На пути моем стал небольшой гендель, снаружи он тоже напоминал туалет. Я зашел в надежде отогреться. Затхлый тяжелый воздух сразу же встретил меня, а запах копченой рыбы и бомжей заставил мою блевоту зашевелиться. Внутри было несколько столов, один с которых лишь был свободен. Меня это удивило, ведь сейчас будний день, позднее утро. Я проследовал к столу и сел. Положив руки на стол, я сразу же влез в какую-то вонючую и липкую жижу. Я вытер рукав курточки о стену, что еще больше его запачкало.
Сняв шапку и бросив ее на стул – таким образом заняв место, я подошел к довольно тучной девушке, стоявшей у прилавка. То ли она бармен, то ли продавец. На вид ей под тридцать лет, на ее розовой кофте два жирных заметных пятна. Верхнюю губу украшали жиденькие черненькие усики.
– Рюмку самого дешевого коньяка и черный чай, – четко произнес я.
Девушка покосила одну бровь, явно скептически оценивая мою просьбу.
– А возраст позволяет пить коньяк? – спокойно и добродушно произнесла она.
– Да, – я снова отчеканил.
Она ухмыльнулась, ее усики растянулись, мимолетно сверкнули желтые зубы; она достала бутылку. Плеснула в рюмку коньяка, после чего принялась за мой чай. Развернувшись с рюмкой и стаканом в руках, я увидел, что на моем месте сидит какой-то мужик. Я пошел к столику.
– Мужчина, здесь занято, – вежливо произнес я незваному гостю.
– Братишка, выручи, – прохрипел насквозь пропитый мужчина. От него разило, как от помойки – угости старика выпивкой.
– Не могу. Денег нет, – разочаровал беднягу.
– М, – булькнул мужик. Затем он оперся на стол своими избитыми и грязными руками. Завис в этом положении на мгновение.Под его большими ногтями было столько земли и грязи, что можно строить муравьиную ферму. Затем, поднялся и последовал к другому столу.

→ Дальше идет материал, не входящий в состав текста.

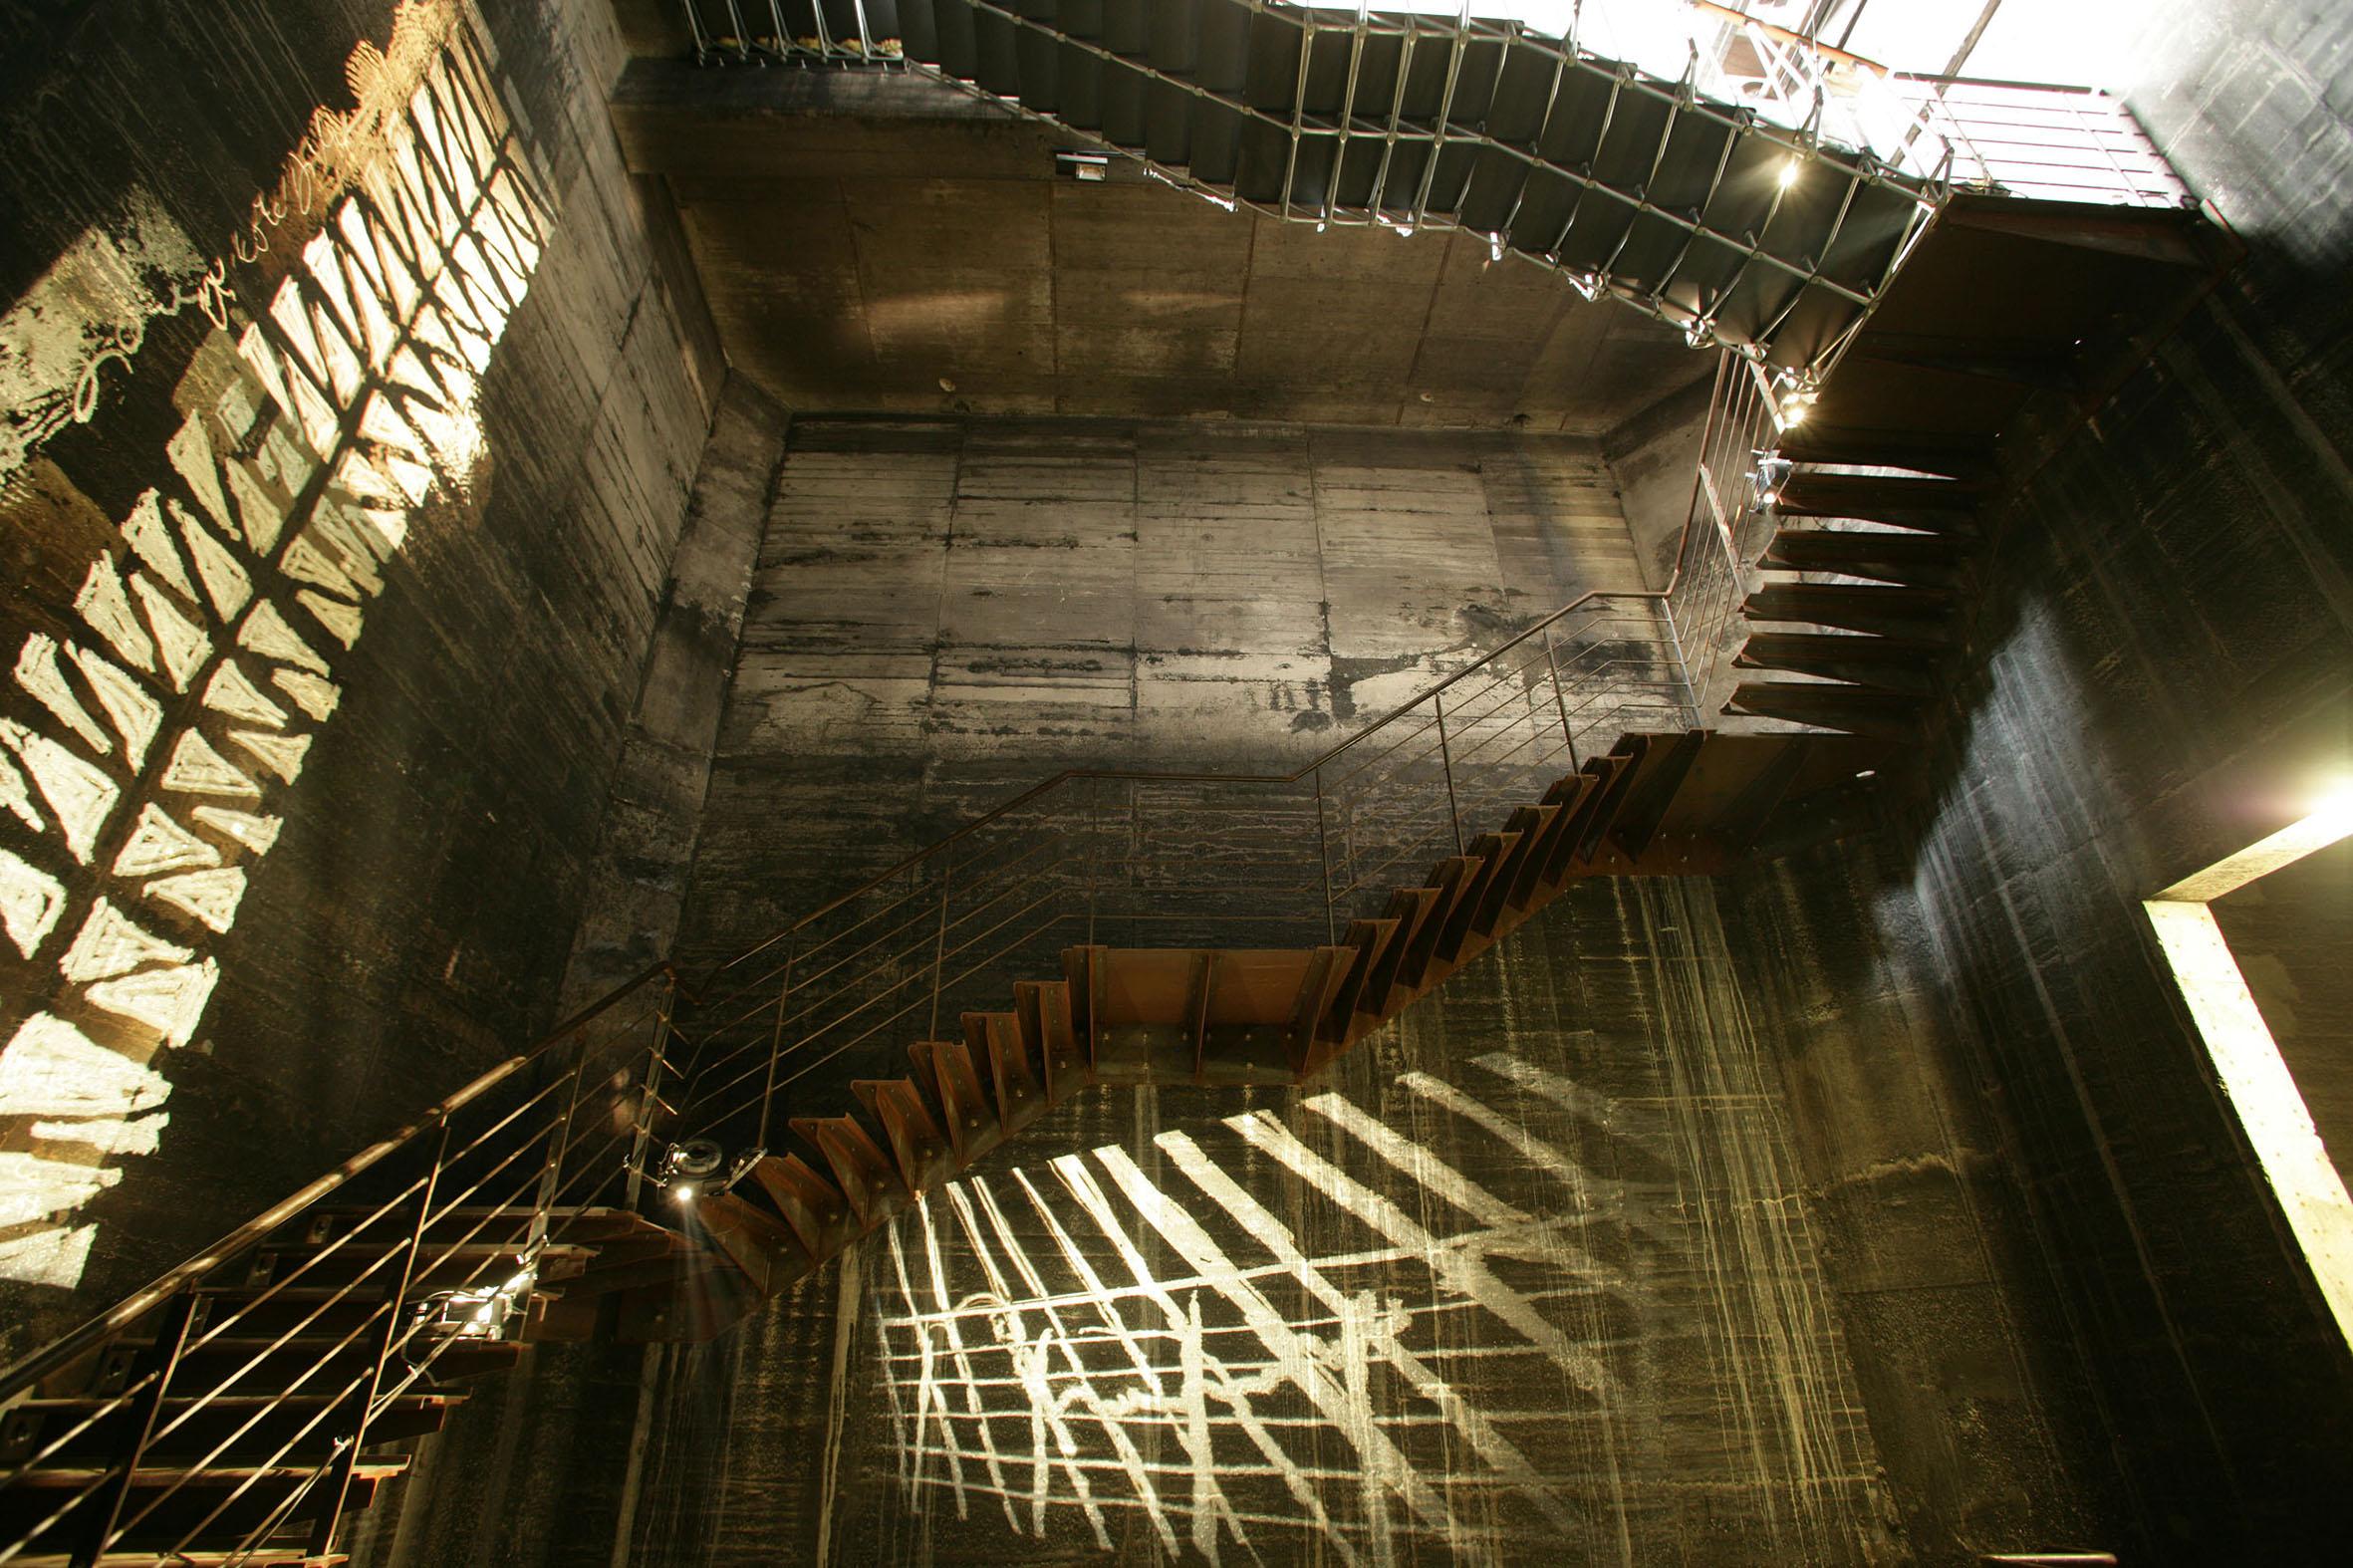 Treppenaufgang der Mischanlage der Kokerei Zollverein, Foto: Thomas Willemsen © Stiftung Zollverein

Я же выпил коньяк. Вкус у него был, как и запах от этого мужика. Вообще, атмосфера этого города была очень поглощающей, монотонной, вонючей. Все здесь было соткано с одних и тех же ниток. Я быстро привык к гнилости тамошнего воздуха.
Далее я пил чай и смотрел на смертников, окружающих меня. Мне искренне было жаль их, не знаю почему. Если бы меня спросили, почему мне их жаль – я бы не ответил, ибо не знал причину. Но все же я сочувствовал их жизням, а точнее их длительным и постепенным смертям.

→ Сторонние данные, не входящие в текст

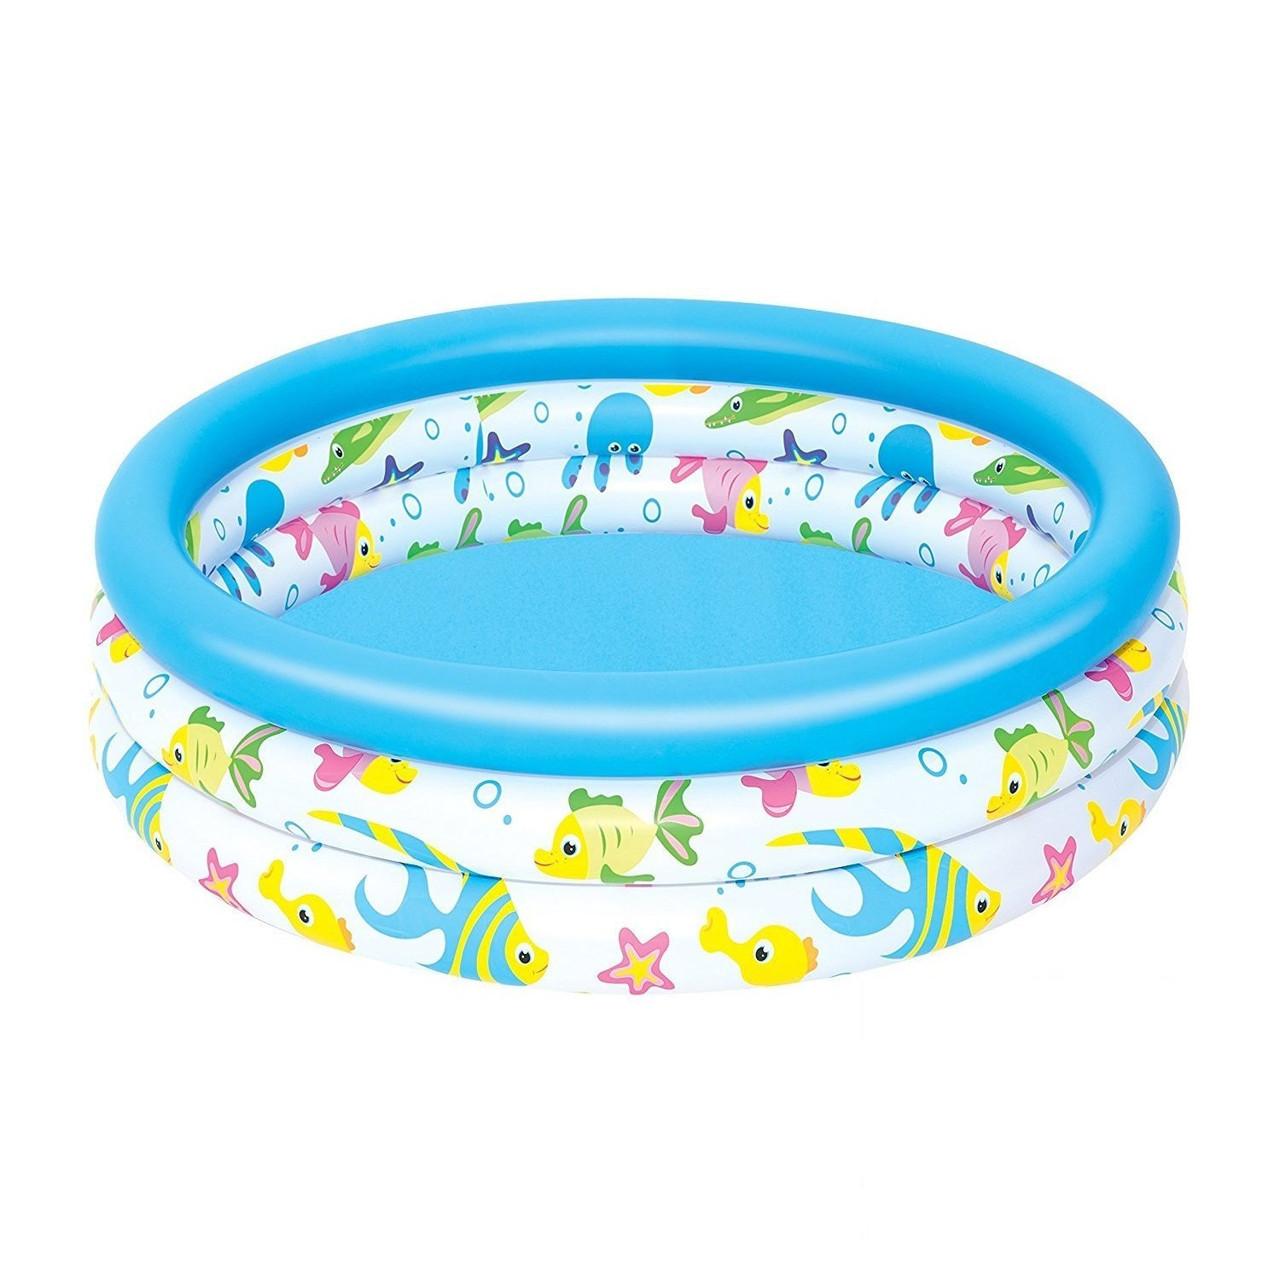 Детский надувной бассейн Bestway 51008 «Океан», 102 х 25 см

Я согрелся. Натянул шапку и покинул то чудное место. Выйдя на улицу, я почувствовал, что похолодало; снег перестал. Я шагал прямо, растворяясь в брыдлинском желатине и застывая в нем. Изредка мне встречались мертвецы с бледными, разбитыми жизнью лицами, кривыми походками и выплаканными глазами. Их взгляды кислотой разъедали мою кожу, кости, душу.
Я брел улицами этого города, и мне казалось – я в анусе мира. Обшарпанные рыжие дома, разбитые шибки, бурая жижа под ногами, бродячие псы, бродячие люди. Я шел, а внутри себя скулил. Назад дороги не было – не было денег. Я готов был остановиться и петь. Готов был вопить во все горло о своей апатии, о своем раке мысли, а так же о колких воспоминаниях. Я чувствовал себя болезненно, будучи неизлечимой болезнью. Самое страшное: мой вопль не услышат. Только моя тень будет слушать и смеяться. От этой горечи и бесполезности, монотонности этого мертвого города мне становилось тускло и тоскливо. Идея поиска нового чистого листа не казалась такой розовой, как раньше. Она была цвета воды в лужах чудесного города Брыдлы.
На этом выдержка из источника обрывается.